Need for Speed: Most Wanted is the newest offering in a long line of hit and miss racing games. The keys have been handed over to Criterion for this instalment, and the creators of the much loved Burnout franchise are definitely on the right track.

The game features a variety of modes. You have your bog standard race from point A to B, along with some other modes that will have you competing with your friends to see who can jump the highest, or set a new high speed whilst getting snapped by a speed camera. These modes are short and sweet, which works perfectly. They serve to avoid creating any repetitiveness that  would arise if the game only offered straight up racing.


That being said, if it’s racing you’re after, you won’t be disappointed. Any fan of the series will know Need for Speed isn’t about ultra-realistic racing, and things are no different here. Cars handle well, and a good balance is struck between making the car handle in a believable manner and maintaining the arcade feel of the game.  The sense of speed is conveyed well, and you’ll often feel like you are one mistake away from totalling your car. It’s easy to sense that this game has taken a fair amount of inspiration from the Burnout franchise: but that’s no bad thing. Races will have you flying through the city, passing through checkpoints until you reach the finish line. However, if you miss a checkpoint you must go back and pass through it, so no cutting corners people! It’s a typical format for an open world racer, but if it isn’t broke don’t fix it right?

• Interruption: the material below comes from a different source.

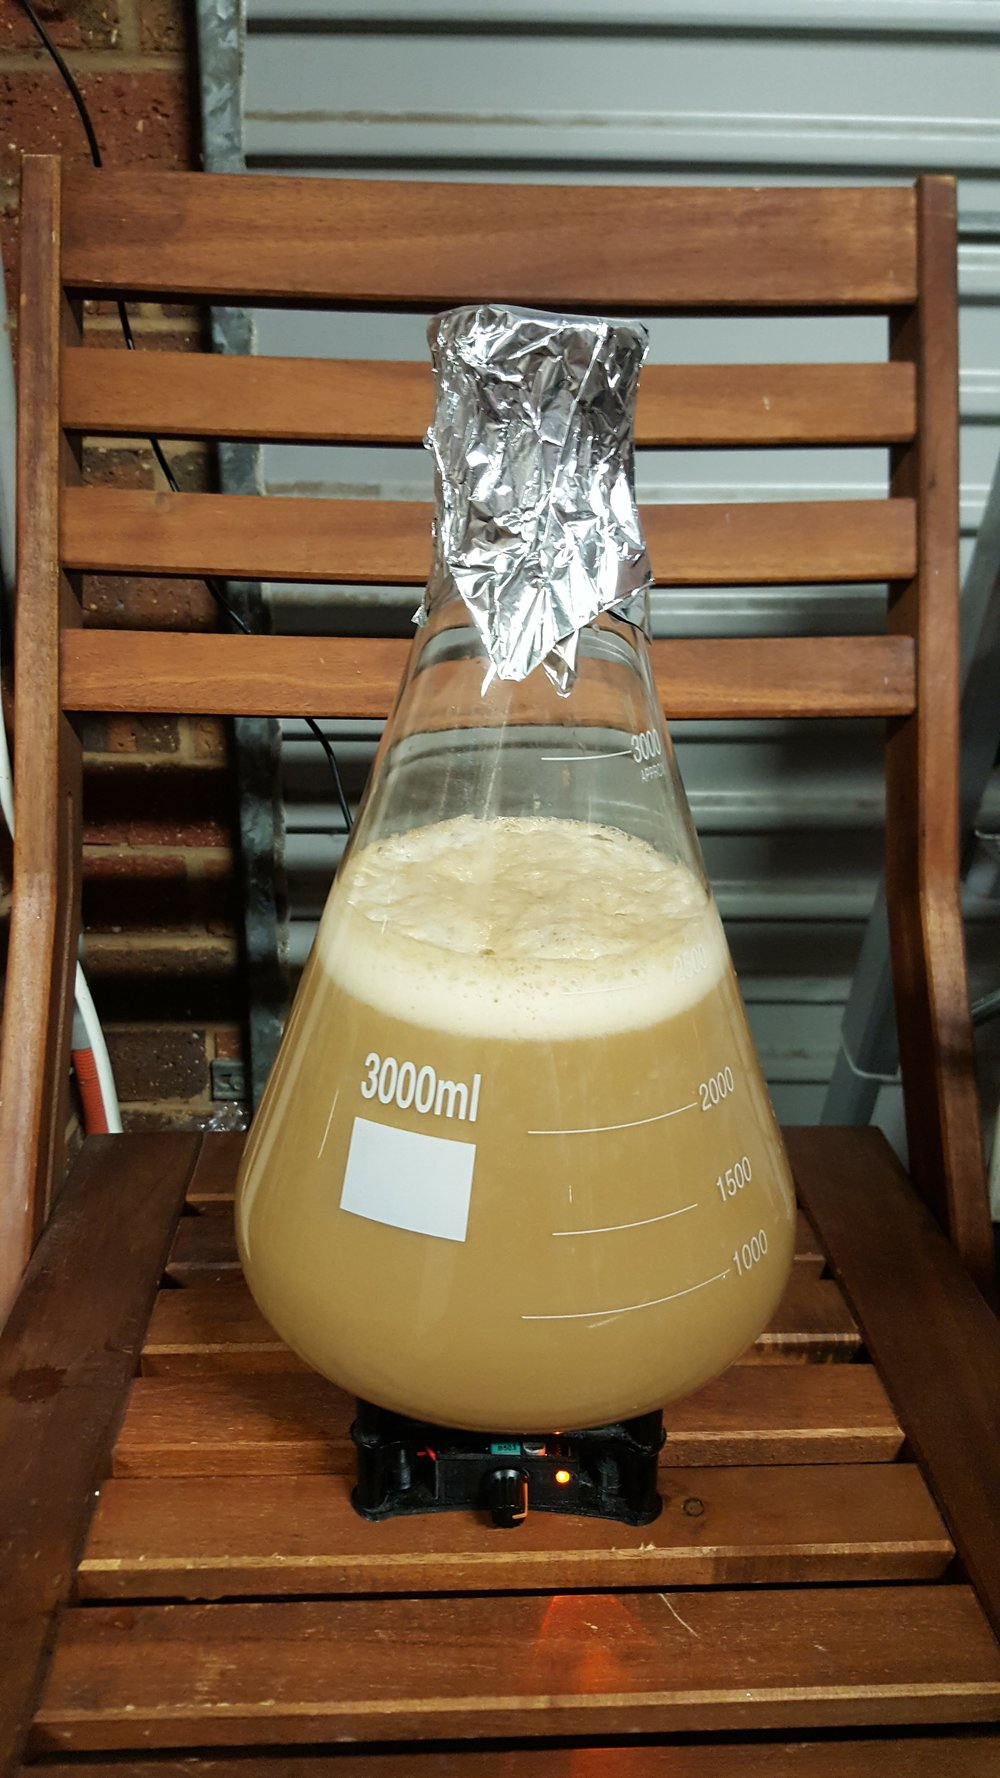 The Yeast Starter

It would be fair to add that the game looks and sounds great. My one quibble would be that while the city looks good, it does feel somewhat lifeless. Sure, other cars will be driving around doing their own thing, but can somebody tell me where the hell all of the pedestrians are? Seriously, it’s just damn right creepy to be driving around a metropolis that seems to be completely devoid of actual human activity.  This isn’t something that’s unique about Need for Speed, it’s something that’s a problem in lot’s of open world racers, and maybe it’s just me being picky, but I’d like to see this addressed.


My time with Need for Speed: Most Wanted was a lot of fun, and after the less than great – that’s me being kind - game that was Need for Speed: The Run I’m pleased to see that the franchise is getting back on track. Keep an eye on this one folks.